Input data
┄┄┄┄┄┄┄┄┄┄┄┄┄┄┄┄┄┄┄┄

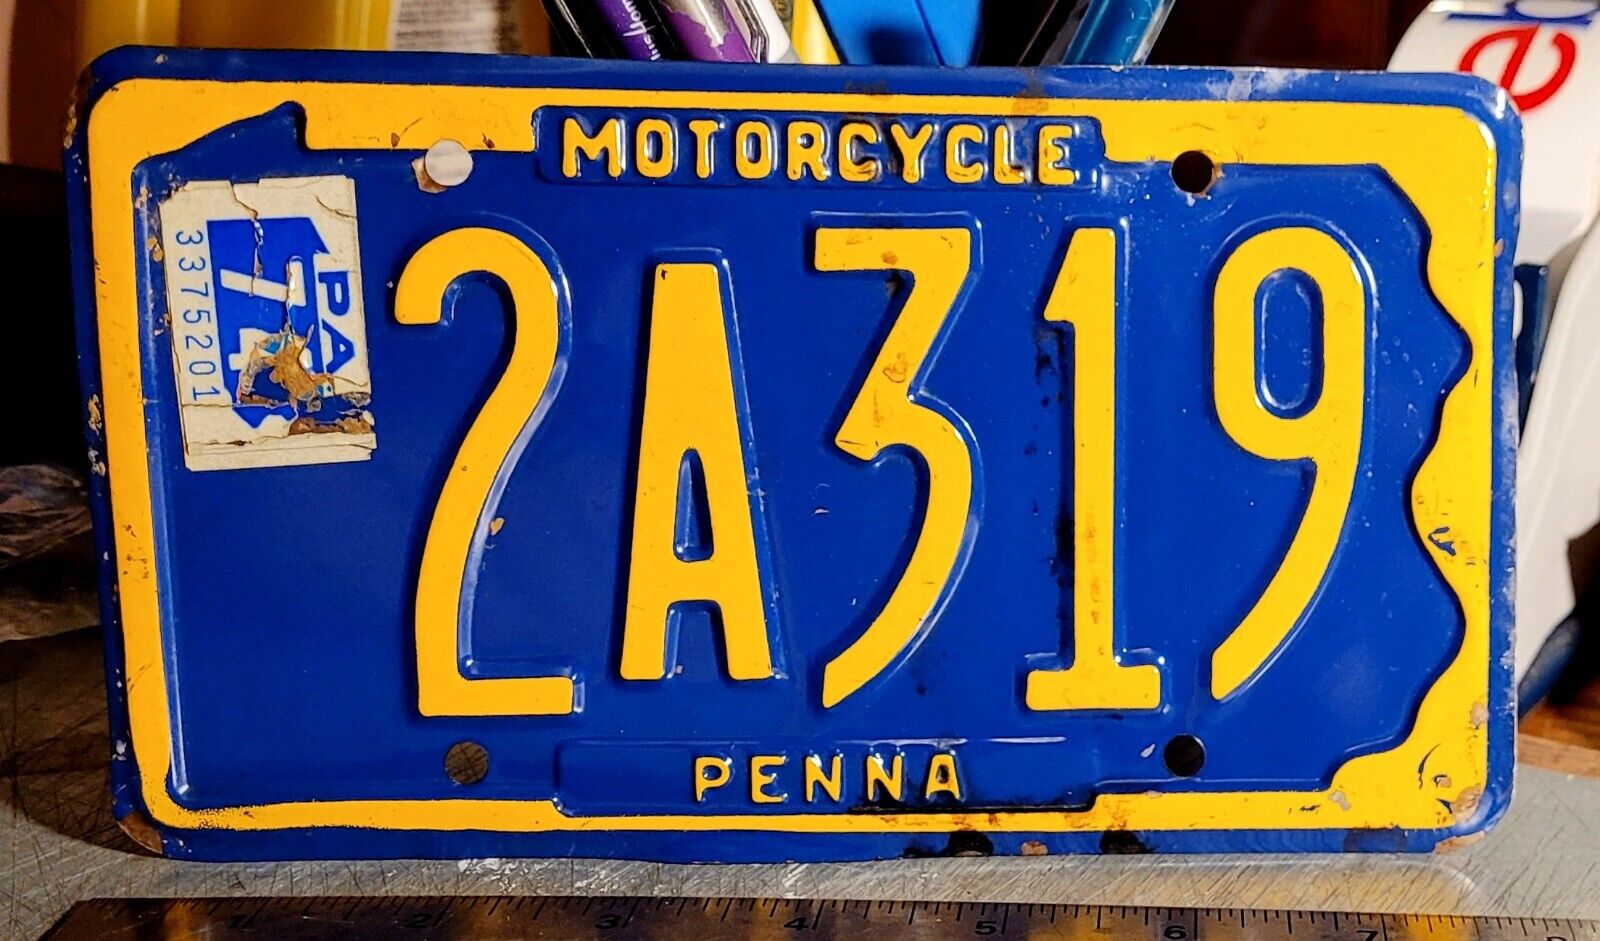 🏍 - PENNSYLVANIA - 1974 motorcycle license plate - original as shown
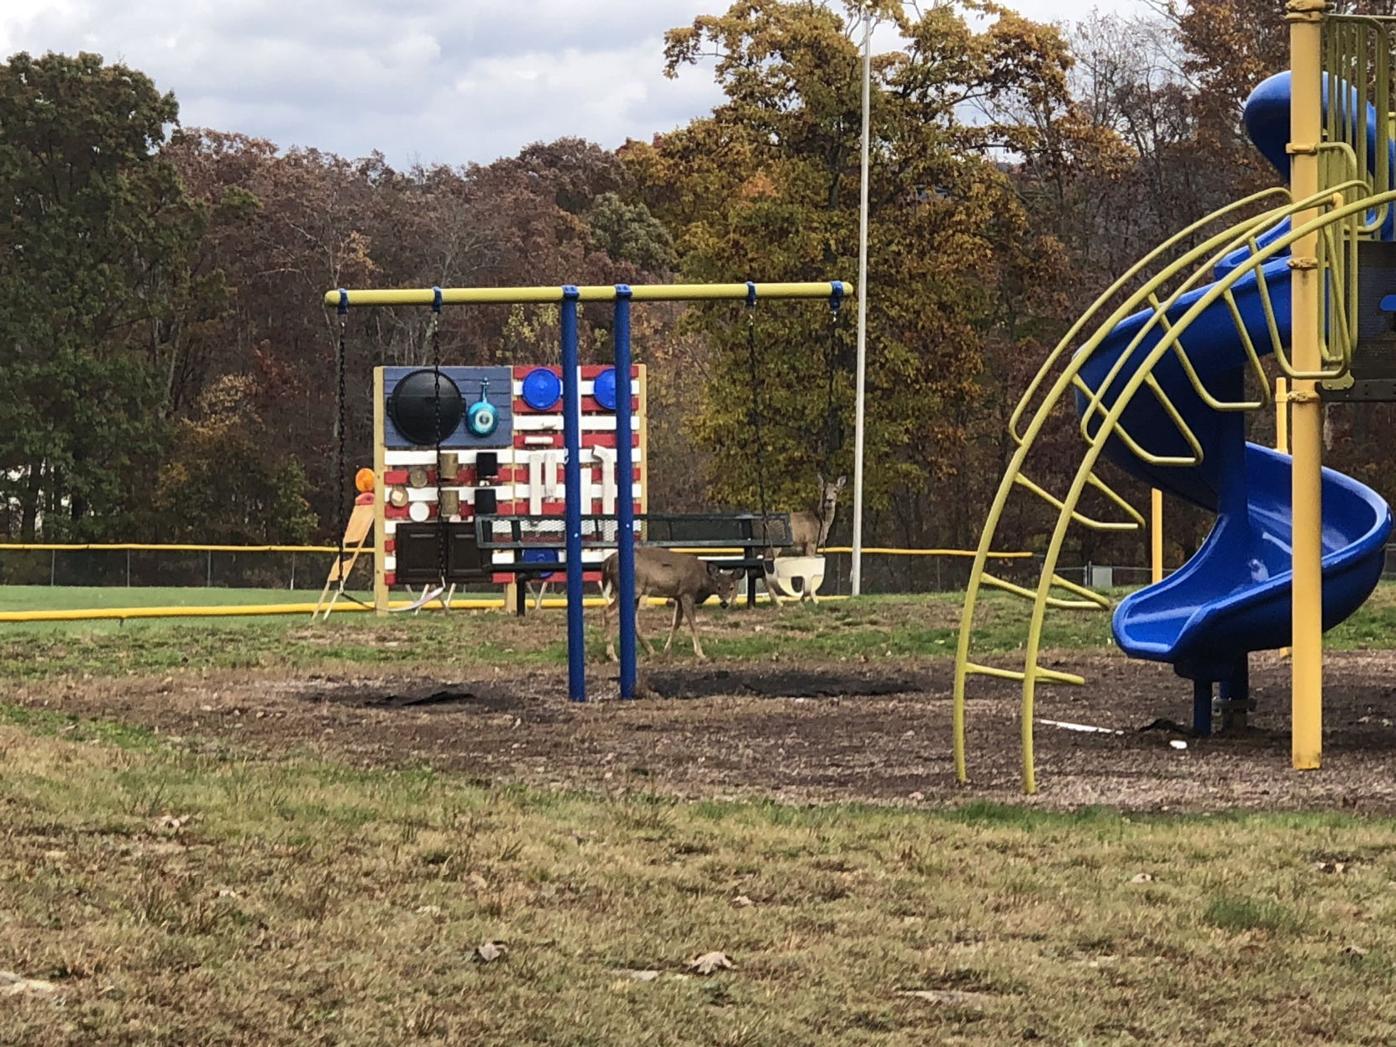 Deer, not antelope, play at Butler Township Community Park
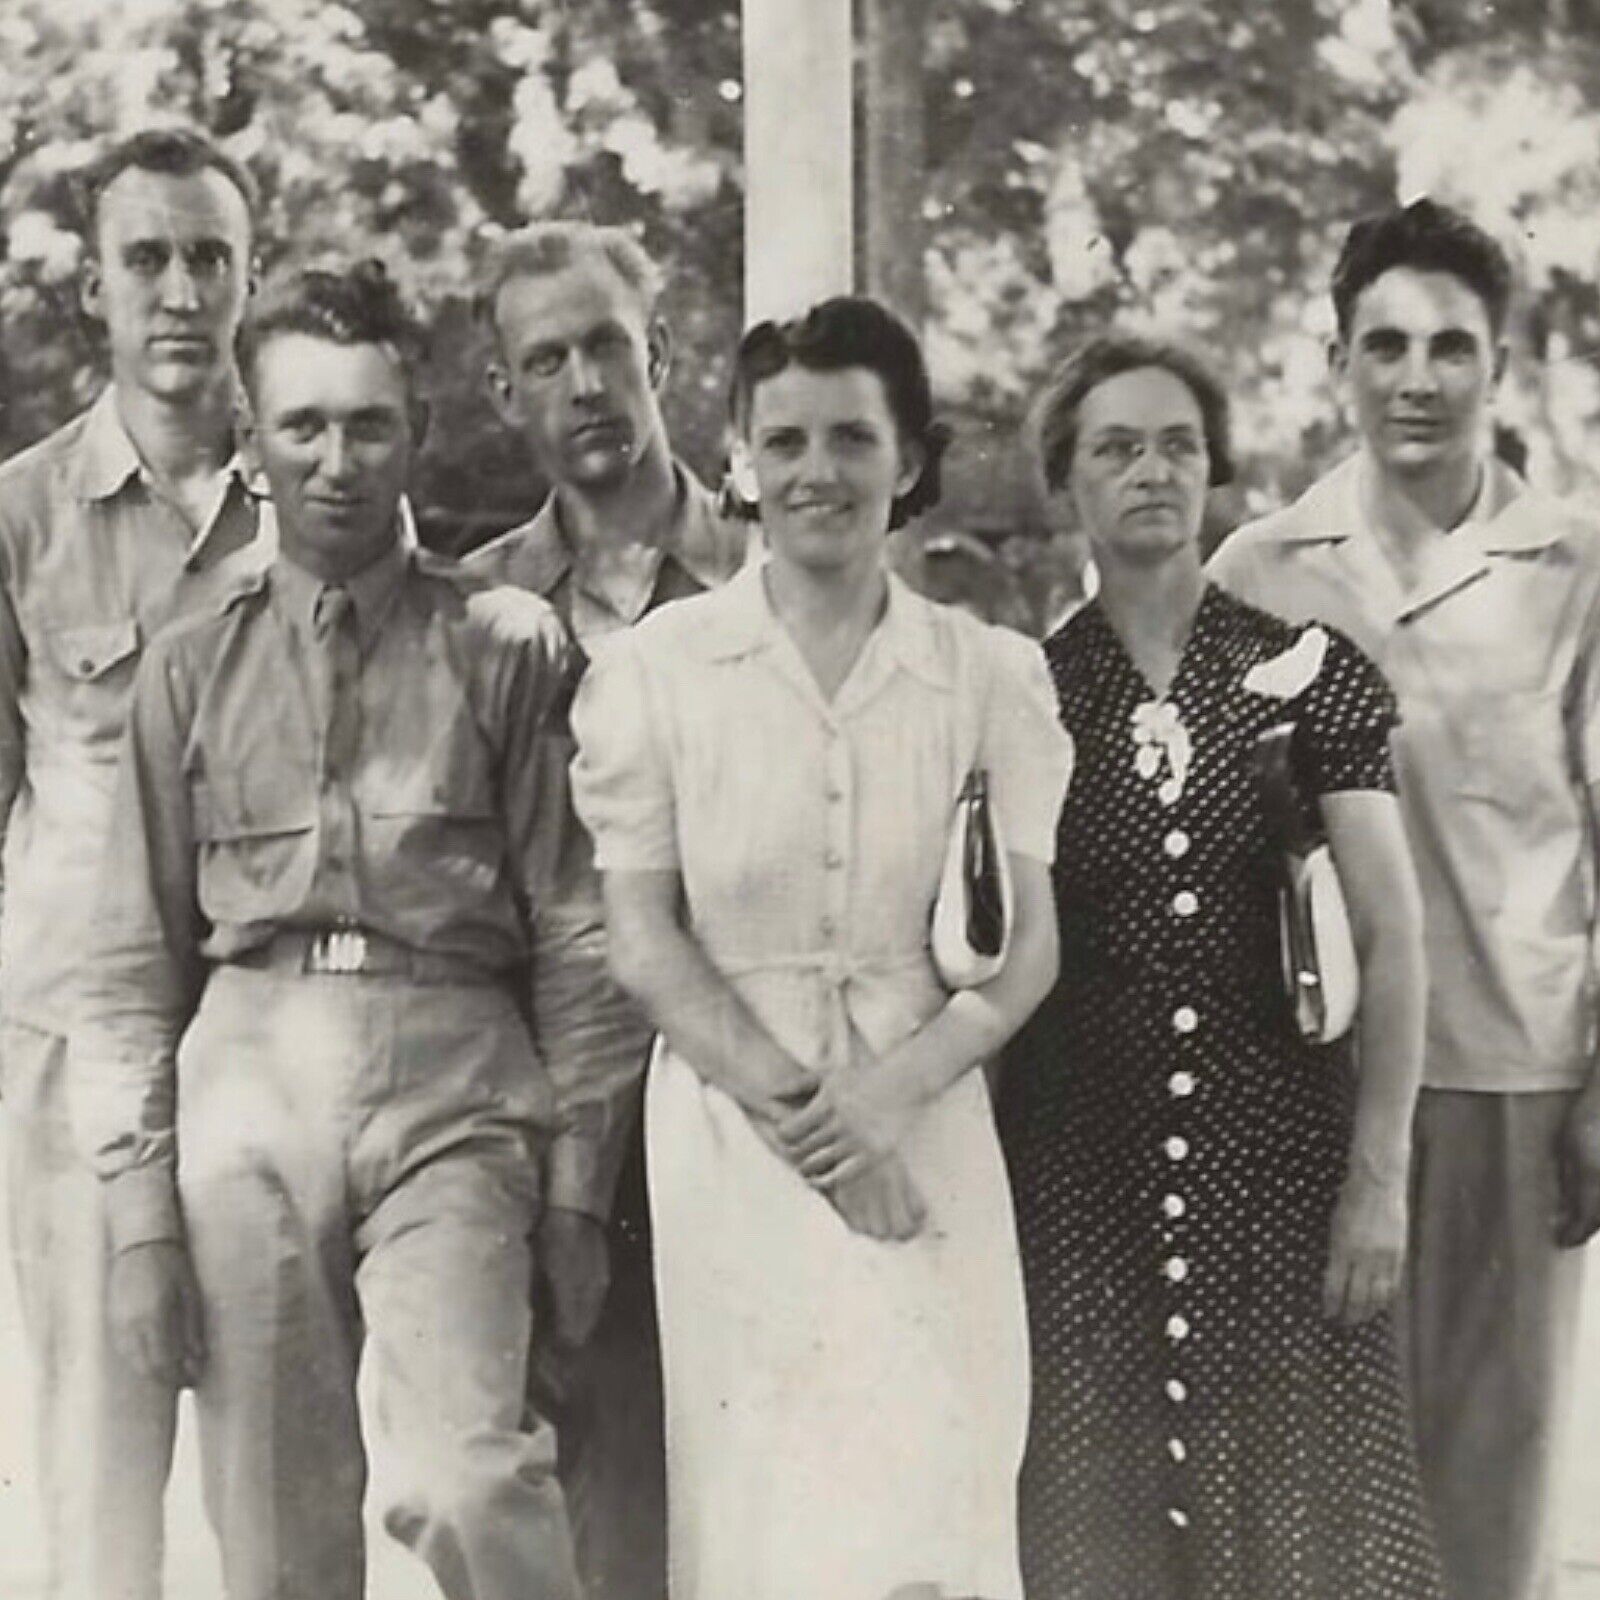 Nice Group Shot WWII Era Men Women In Uniform 1940s Vintage Snapshot Photo

┄┄┄┄┄┄┄┄┄┄┄┄┄┄┄┄┄┄┄┄

Assignment
Skip the pictures, then retype every line above exactly.

Your solution
 🏍 - PENNSYLVANIA - 1974 motorcycle license plate - original as shown
 Deer, not antelope, play at Butler Township Community Park
 Nice Group Shot WWII Era Men Women In Uniform 1940s Vintage Snapshot Photo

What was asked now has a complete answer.